# Need someone smarter than me.



## Chris (Jun 26, 2016)

So I have been leasing a warehouse and office for my company at this location for the last three years. When I moved in I was told I paid Electric and telephone but the owner paid water. I got an email yesterday that says they made a mistake and the tenant should be paying the water bill and the owner has been by mistake for the last three years. I was given five days to contact some submeter company (not the water district) to set up an account and start paying them. I am not even sure I have a meter for my building alone or if it is connected to others? We are in tilt ups and there is ten units in one building. Granted I only have a toilet and small sink and never use the water but for me it is the principle behind it. Not sure if he is allowed to change his mind years down the road and pretend it was all a mistake? He is doing this to four units in my building.

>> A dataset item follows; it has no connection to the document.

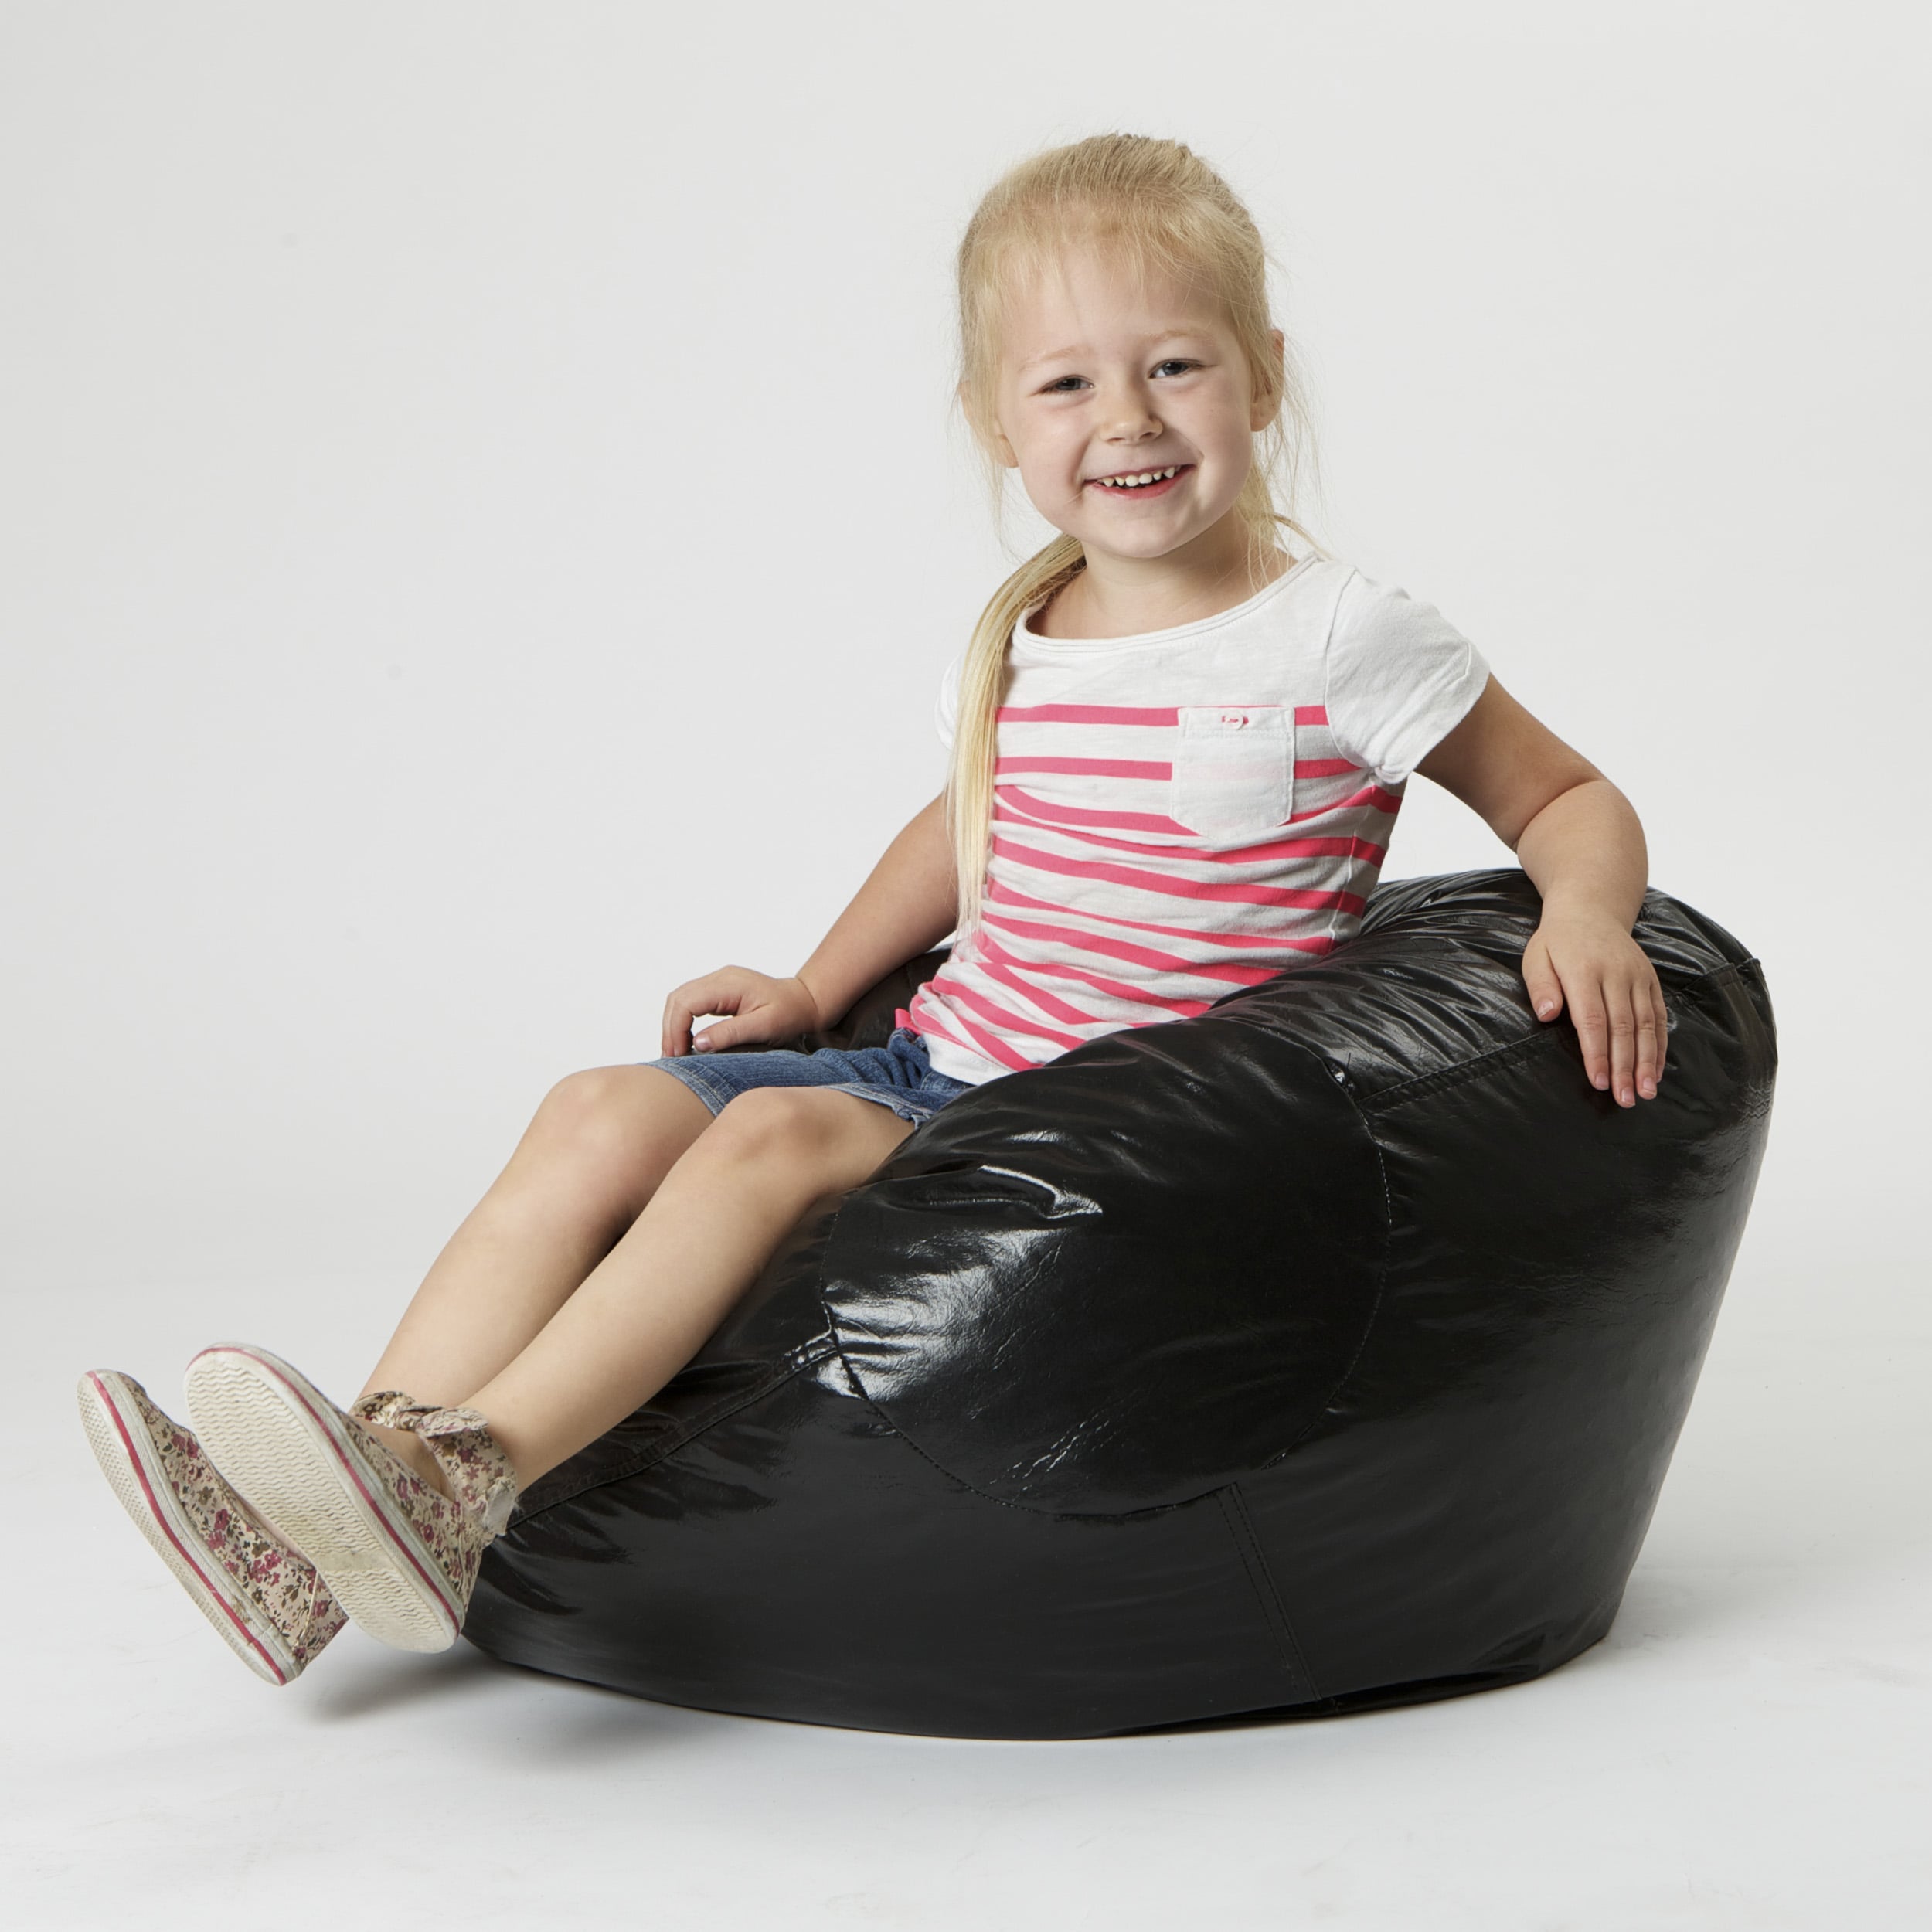 child size lounge chair

What do you think? Is he in the right to change his mind?


----------



## nealtw (Jun 26, 2016)

I have always paid for my own mistakes.


----------



## KULTULZ (Jun 27, 2016)

> When I moved in I was told I paid Electric and telephone but the owner paid water.



What does the lease say?


----------



## beachguy005 (Jun 27, 2016)

Given that you got it in an email, I would say it's likely just a scam.


----------



## Chris (Jun 27, 2016)

I got the email and a text from the landlord. Gonna pull my lease today and read it.


----------



## bud16415 (Jun 27, 2016)

Most landlords in situations like that don&#8217;t want to be bothered with the water bill and individual meter and such as the usage is really small and when a tenant moves out they have to transfer yet another bill back to their name. Most of the time they take an average and factor it into everyone&#8217;s monthly bill. Unless someone is running something to really use a lot of water that works out easy. I suspect water prices may have really went up and rather than raising rent he is trying this. Does each unit have a meter now or is he going to estimate each person&#8217;s usage?  

If it is not in writing and you are past the term of the lease he can change or do whatever he wants. If it is in writing, then he is required to have you sign something new with the changes and you can at that time negotiate a deal or simply tell him you will be going someplace else.  

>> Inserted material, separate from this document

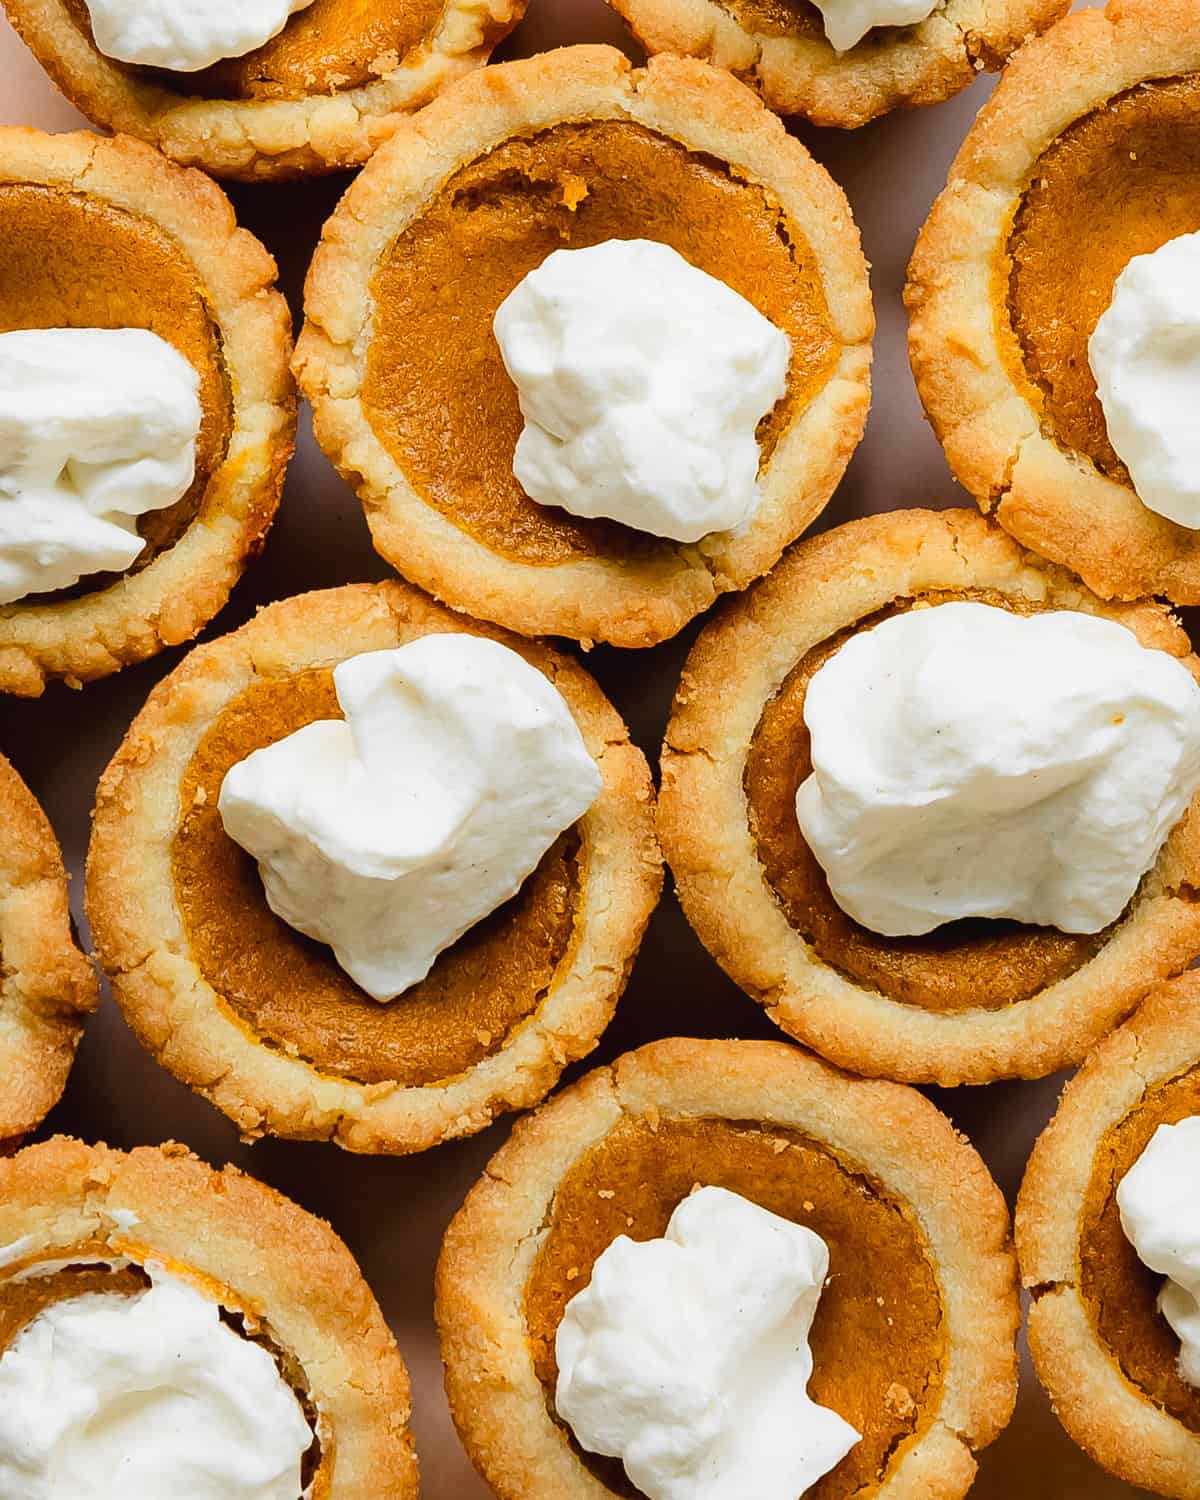 Pumpkin pie cookies are deliciously soft and buttery sugar cookie cups filled with a classic pumpkin pie filling.  This recipe for pumpkin pie cookies are easy to make, require no chilling time and are ready in about 30 minutes. These mini pumpkin cookies are a fun twist on the classic pumpkin pie dessert everyone will love.

I personally wouldn&#8217;t get excited on the principal of the thing as I would look at the overall outlay each month including the new water bill and make a business decision is it worth it or not to you. If he came and said I have to raise the rent X% because water has went up and gave you the choice to pay the water bill or pay so much more would have been a better way for him to approach it IMO.


----------



## Chris (Jun 27, 2016)

Last year the unit next to me built a commercial kitchen inside their unit and use it for making food that they sell in stores. I'm sure this is where the spike came from that has changed this policy. When they moved in I got an email from the landlord asking if I had a leak in my building.


----------



## bud16415 (Jun 27, 2016)

Sounds like this sub meter company was hired to put a meter on each unit and then break the one bill up and redirect the billing along with adding in their profits for doing it. 

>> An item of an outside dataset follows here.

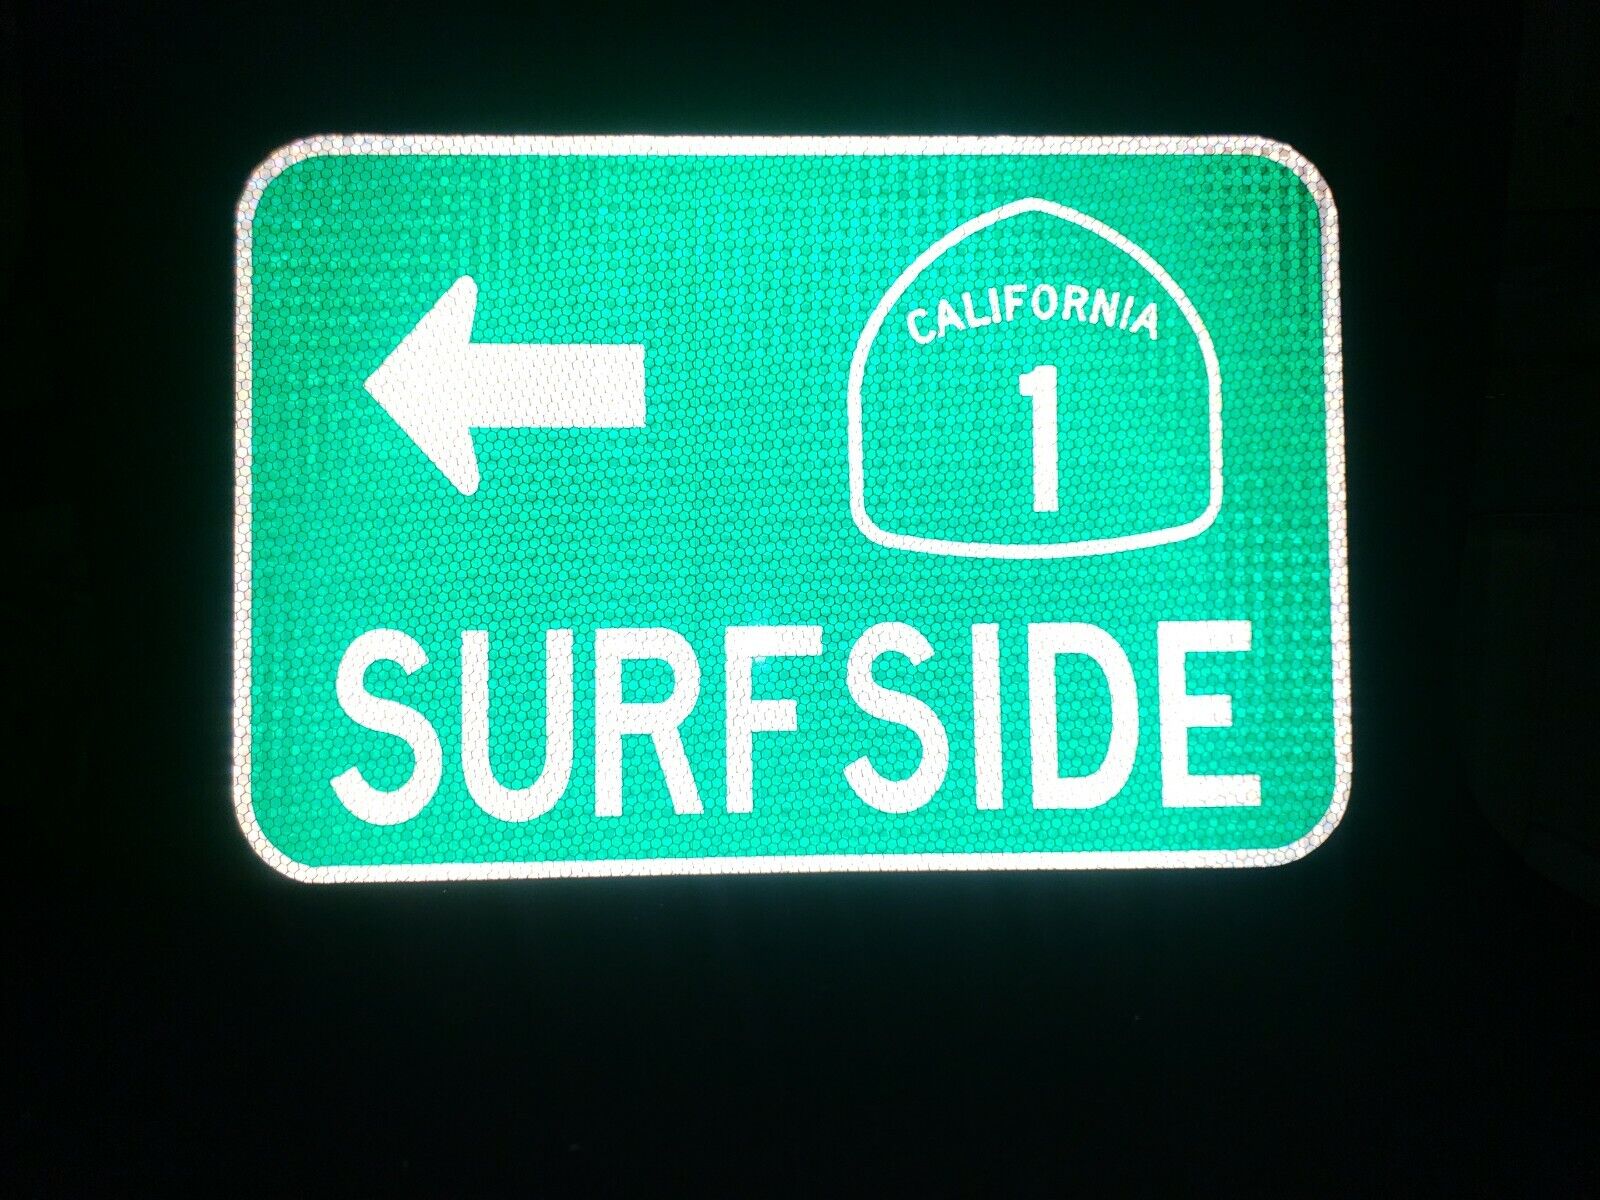 SURFSIDE, California Highway 1 route road sign 12

I&#8217;m not sure but I think malls and such do this also but in the case of a mall they run it themselves maybe even having wells and pumps to maintain.


----------



## oldognewtrick (Jun 27, 2016)

Chris, what about looking at buying your own warehouse? Rent makes no money. You were looking at investing in something, real estate pays better than most other investments. Just a thought.


----------



## CallMeVilla (Jun 27, 2016)

We have done sub-metering and its an easy fix.  Recently split off an apartment from a main house.  Any competent plumber can do the job.  You do not need a specialized company.

However, your lease should control the situation.  It will specify who is responsible for which utility.  No "mistake" here ....  should be black & white.  If you really use little water, your financial hit will be minimal.  The OWNER pays for the new sub-meter, not you. If the lease makes him responsible for the water you are also NOT on the hook for the old water costs.  You will need a revision to the lease to incorporate the new costs ....


----------



## Chris (Jun 27, 2016)

OK I am at my office now, it already has a meter and has since the building was built some 15 or more years ago. Since new this unit has only used 28,766 gallons. Heck I use that in two months at my house. I don't mind paying the water but now I have to pay a submeter company their fee to come out and read my meter. We probably only use a couple hundred gallons a month if that with one toilet and sink and someone in the office two days out of the week.


----------



## oldognewtrick (Jun 27, 2016)

Did you look at your lease agreement?


----------



## Chris (Jun 27, 2016)

It's filed away somewhere, I have my office lady looking for it.

I called the meter company and they would not talk to me, said the meter is in the owners name and that can not be changed but he can add me as an authorized person to pay on the account.

I talked to my neighbor and he is furious, he has been for a year now trying to get the owner to take care of a roof leak and mold issue he has but the owner refuses to do anything.

I shut my meter down and it also shut down that same neighbor which shows we are on a shared meter. I walked around and it looks like every two units have their own meter. Wonder how they are going to tell who used how much?

I sent them an email stating these facts after they assured me I had my own meter.


----------



## nealtw (Jun 27, 2016)

Chris said:


> I called the meter company and they would not talk to me, said the meter is in the owners name and that can not be changed but he can add me as an authorized person to pay on the account.



I think that meter is still in his name says something about who is responsible.
Does that mean, he is years behind on his water bills.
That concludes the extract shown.